What equipment is best for recording video through zoom? Here are the two items I use for my video lessons:

  • Logitech c920 Webcam  – At around $50, this webcam is a steal. It provides beautiful HD 1080p quality video and works well for online tutoring, webinars, video lessons, or even recording your tutoring students’ book reports!  You can grab it from Amazon here.



Tips for Classroom vs. Tutoring Use


  • Model the technology in class so students understand how it works
  • Create homework assignments for novel studies that involve multiple creative options, such as glogs, Animoto videos or video book reports. Movie advertisement posters also work well!
  •  Have students submit a written version of the script for their video book report, as well. This is especially important for ESL students, as it also works on writing and speaking skills at the same time.


  • In personalized tutoring sessions, I often read aloud with ESL students to practice pronunciation; use these visual tools to bring together vocabulary and pronunciation into a snazzy end-of-book project
  • Searching for photos online together (using stock photography or Google Images) can be an exercise in finding synonyms for words they need pictures for
  • You may want to gather together video book reports throughout the year and put them together on a simple webpage or blog your students create about their English learning experience.

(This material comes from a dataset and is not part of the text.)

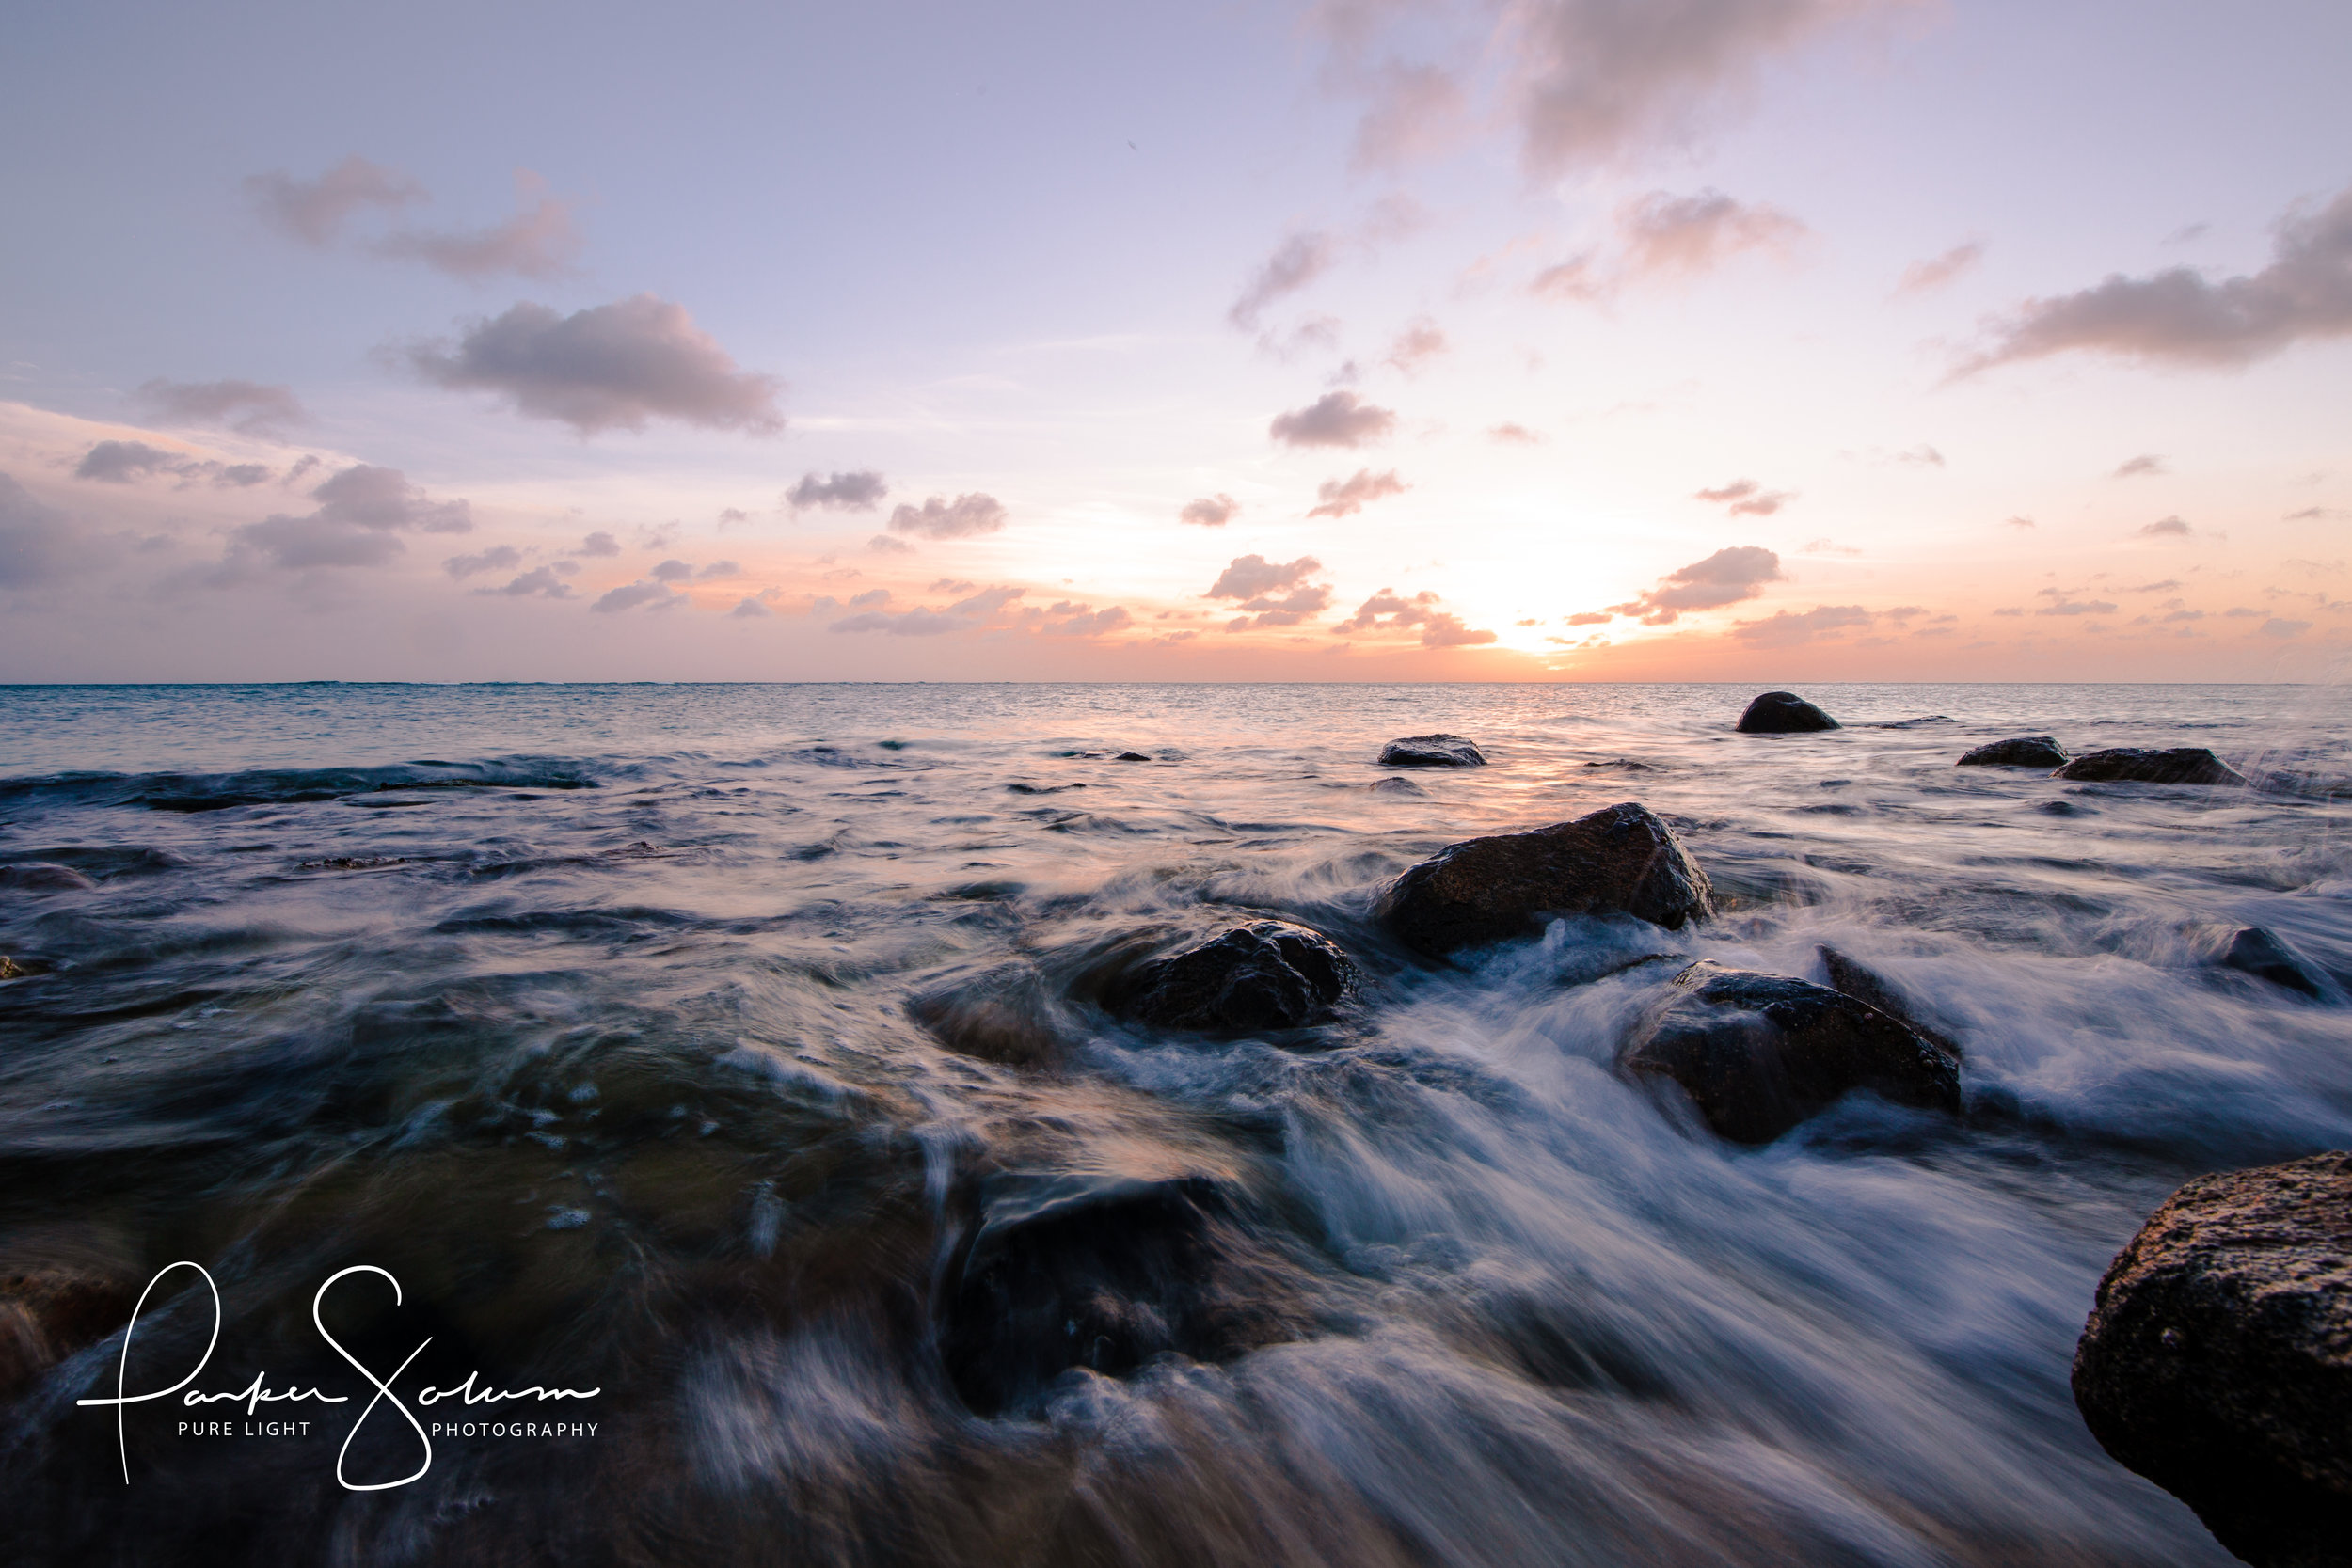 Aruba 2018 Sunset-1.jpg

By the way, if you’d like more free tutoring tips, join my FREE 7 DAY EMAIL COURSE by clicking here.  You’ll get one awesome tip per day, including 3 video tutorials and a spectacular marketing cheatsheet for your tutoring business!

Have you used Glogster, Animoto or Zoom software in your English class? Do you have other visual software tools your students love to use? Let me know in the comments below!


Happy Teaching!




P.S. Photography lovers, the photo in today’s main image is one I took from the top of Arthur’s Seat, a famous mountain in Edinburgh, on a road trip in 2013.